I have a theory. I have not validated this theory. I might have some details wrong.
When I write 'image', I mean a PE image (EXE or DLL).
In PE, we have two types of patching in images: rebasing and imports.
Rebasing is happens if any of the following is true:
- ASLR is enabled
- the image's preferred virtual memory is already allocated by something else (e.g. another DLL or VirtualAlloc or whatever)
Rebasing is relatively expensive because it needs to touch pages all over the image.
Rebasing can be cached. I assume it is cached by Windows. I assume this caching is the sharing mmozeiko mentioned. In theory, the cache doesn't need to be evicted when a process exits; the cache can be reused for a new process, even if no existing process has the image loaded.

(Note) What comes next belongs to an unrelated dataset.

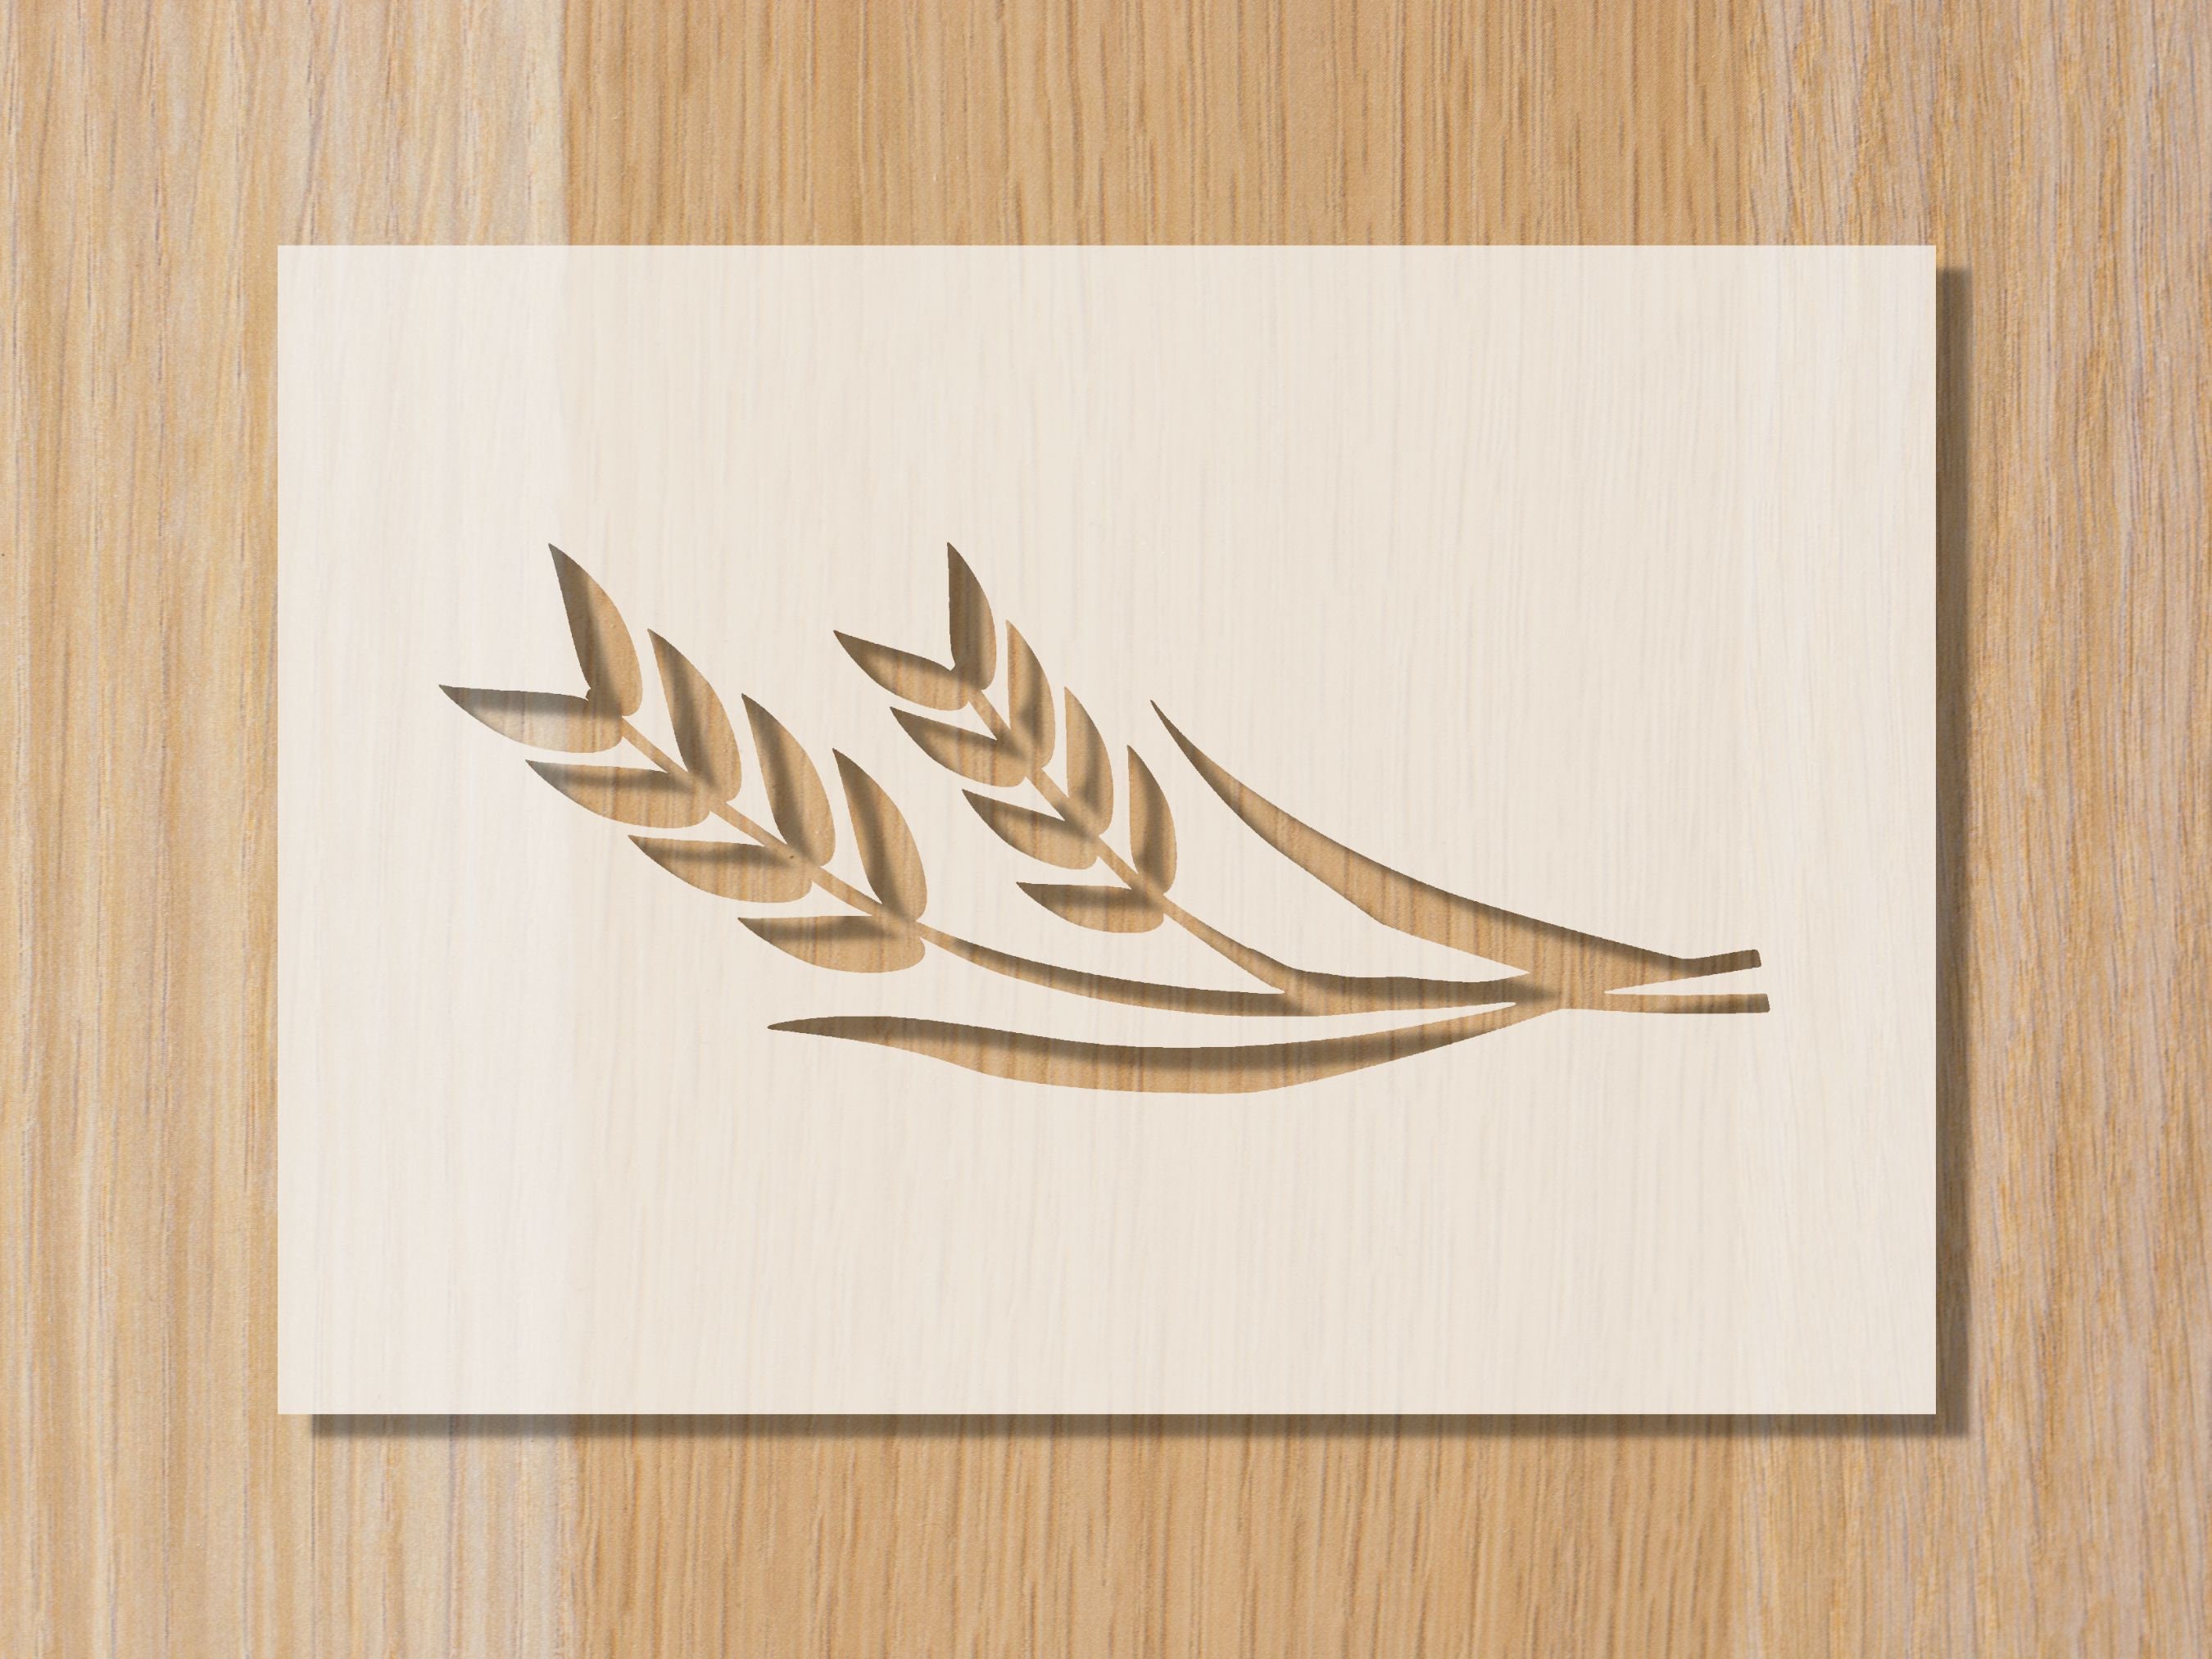 Sourdough Bread Stencil Wheat Stalk Baking Stencil Bread Decoration  Sourdough Stencil Suitable for Bread Cakes and Cookies Baking Gift

Separate from rebasing is the import table. Patching imports is relatively cheap because it doesn't need to touch pages all over the image.
Imports can be cached. I have no clue if Windows caches imports or not. I can imagine common cases where caching IAT might not be worth it. (The cache key for rebasing is image + base address. The cache key for imports is image + image and base address of every imported DLL.)
For the entry point EXE, consider two approaches for EXE-to-DLL calls: import table (what PE implements) and direct calls (your proposal) If we ignore ASLR and assume that the EXE rarely relocates, my mental model of the two approaches says the following:
- The import table approach is faster to load and uses less physical memory but is slower to execute, and
- The direct calls approach is faster to execute but slower to load and uses more physical memory.
Again, my comment is pure speculation. I haven't done any measurements or read any rationale from the designers of PE.